It's when you're having fun in a moment or constantly enjoying your life that one looks the most attractive to the opposite sex.
Looks can 'do one!'. Although, obviously, thanks to chemistry and fondness, you do tend to love their face regardless, just because it's THEIR face. So-a don't-a wooorrry, Senorina! This is exciting, actually!
AND YOU DEFINITELY HAVE A DAMAGES CASE! You're only 22 (experientally, I mean), how the eff were YOU supposed to know what else to do!
"I'm surprised that I didn't commit suicide. I wanted to give myself a chance to fix this."
No, your inner animal did. It knows what's coming and is already upgrading its wardrobe in preparation. Three Cheers to your inner, Naked Ape! It clearly knows what it's doing. You're an old soul.
Anyhoo - thoughts now?
Here - read about the amazing Katie Piper.

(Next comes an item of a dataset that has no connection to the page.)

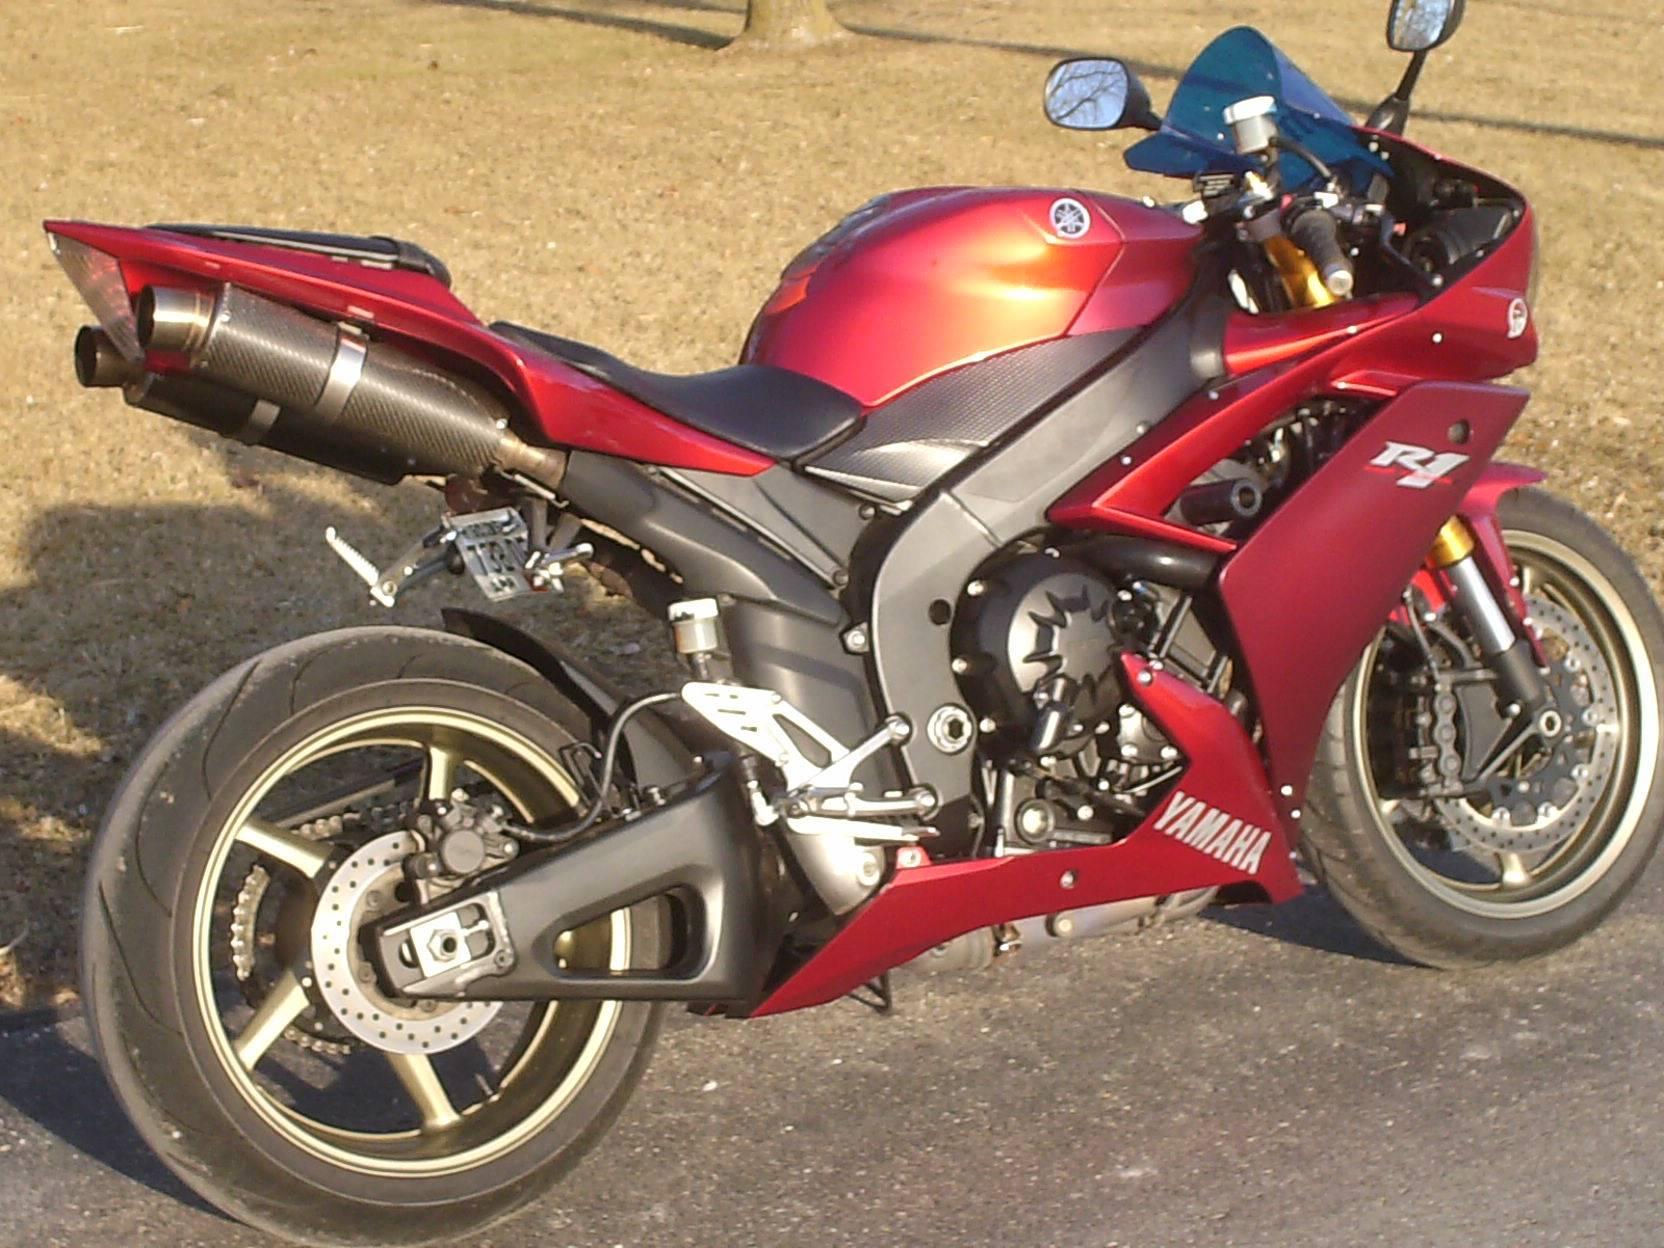 2008 Yamaha YZF-R1 2

She hadn't had the means, hadn't found her niche in which to express her amazing-ness before this life-changing trauma, though.
Okay update, I think my body is healing overtime. I think maybe I had a stroke, but honestly I got no clue.
I have a few job interviews lined up. Feel kinda normal, but also not really. Not having as many psychotic thoughts as I was a couple months ago.
Just read through all that
Trust me, I've gotten deep into the "orthodontic victim" rabbit hole. There's a lot of people in my position. They wanted to "correct" their smile, ended up getting their face retracted and unhealthy teeth/gums from the braces. It's super violating.
Unfortunately, there's not much you can do legally when it comes to orthodontists violating your aesthetic profile. Especially in America, they created many legal loopholes. And orthodonistry is very money driven, I would even say it's a barbaric practice.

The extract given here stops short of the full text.